Conversation Class¶
The Conversation class is the basic storage container for all UniMessage objects. It can be imported with:
from pyconversations.convo import Conversation
Instantiation¶
A Conversation is created using its constructor, which can take two optional parameters: posts (a dictionary of UniMessage objects) and convo_id (a string identifier):
convo = Conversation(convo_id='tutorial_convo')

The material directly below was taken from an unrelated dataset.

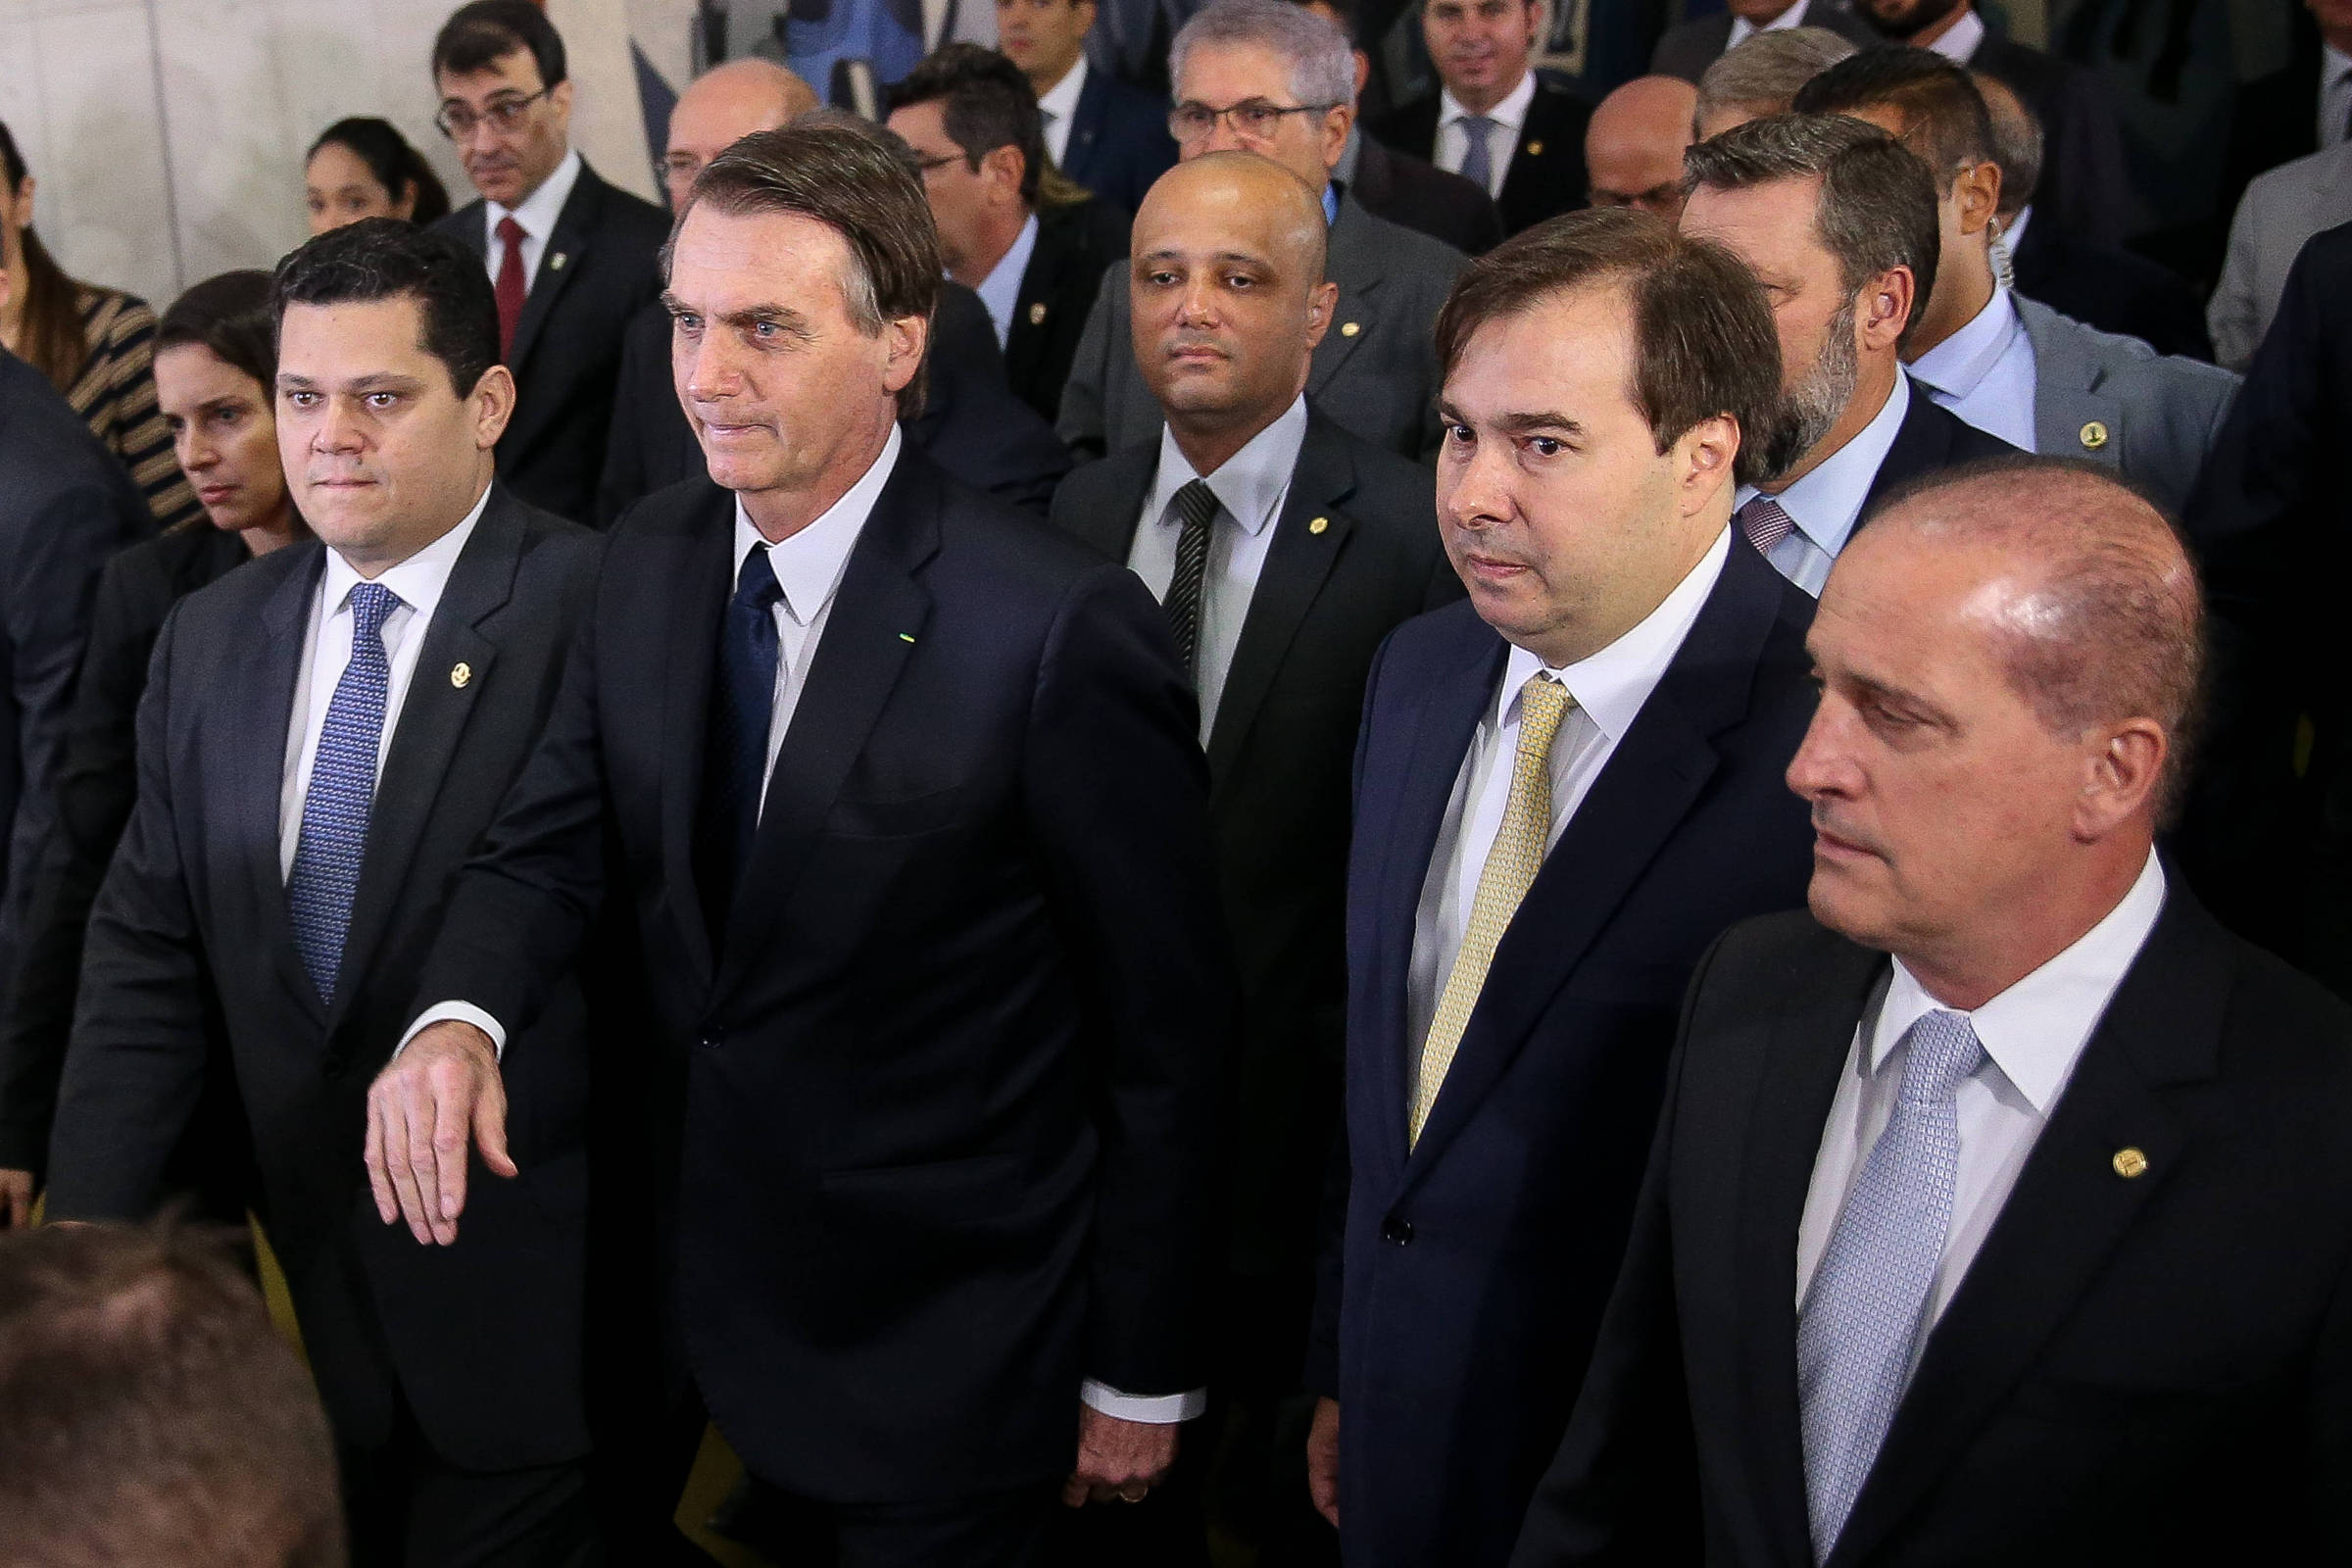 Sob crise política, Bolsonaro entrega ao Congresso proposta de reforma da Previdência

Alternatively, if you have a JSON representation of the Conversation (something the class exports to), you can statically instantiate a Conversation using:
convo = Conversation.from_json(<JSON_DATA_HERE>)
Conversation Arithmetic¶
For ease of combining collections of posts, the Conversation overloads the addition operator:
all_posts = convo_a + convo_b # all posts (e.g., the union of) in the two conversations
Adding and removing posts¶
Posts are added to a conversation by supplying a UniMessage object:
convo.add_post(post_object)
Likewise, by supplying the UID of a post within the conversation, a post can be removed:
convo.remove_post(uid)
User-Information Redaction¶
For Twitter and Reddit, user-regex strings are available that allow for the redaction of usernames and user mentions (within message text). This can be done in a way that retains all unique users, assigning them an integer ID:
convo.redact()
Here, the first author identified is mapped to USER0 and the Nth user is mapped to USER(N-1). This allows for an anonymized retention of unique user information to track which users said what and to whom. It can be performed at a per-Conversation level or can be merged into a mega Conversation to perform redaction at a corpus-wide level.
Alternatively, if unique user information is unnecessary or undesired, one can map all author names and user mentions to a USER token with:
convo.redact(assign_ints=False)
Alternate Representations¶
To convert a Conversation into a JSON representation that can be re-loaded later, try:
convo.to_json()
If desired, one can also get a networkx.Graph representation of the Conversation with:
convo.as_graph()
Splicing Conversations¶
A Conversation’s posts can be filtered using:
sub = convo.filter(**args)
which produces a new Conversation object from the posts within convo that meet the criteria specified in args.
Specifically, .filter() makes the following keys available:
by_langs – a set of language codes desired
min_chars – a minimum length of text
before – a max datetime criteria
after – a min datetime criteria
by_tags – a set of post tags
by_platform – a set of platform names
by_author – a single author name
Additionally, some common splits are made available through:
convo.segment() # Splits into a list of disjoint (non-cross-referencing) sub-conversations
convo.get_parents(uid) # post(s) that UID is replying to
convo.get_children(uid) # post(s) that reply to UID
convo.get_before(uid) # all posts that occurred in the conversation before UID
convo.get_after(uid) # all posts that occurred in the conversation after UID
convo.get_ancestors(uid) # all posts on the path from UID's parent(s) to the root post
convo.get_descendants(uid) # all posts in UID's child sub-tree(s)
When these do not suffice, .filter() is your go-to for custom filter operations.
Other Methods and Properties¶
Conversations have several other methods that may prove useful to access.
.get_sources() - Returns the set of source posts (posts that do not reply to any other)
.time_order() - Returns a list of the UIDs of posts in time-sorted order
.text_stream() - Returns a list of the text fields of the posts in time-sorted order (e.g., collapses DAG structure into a linear ordering)
Finally, Conversations have two underlying properties:
.convo_id - A string identifier for the conversation (potentially auto-generated from source IDs)
.posts - The underlying dictionary of stored post objects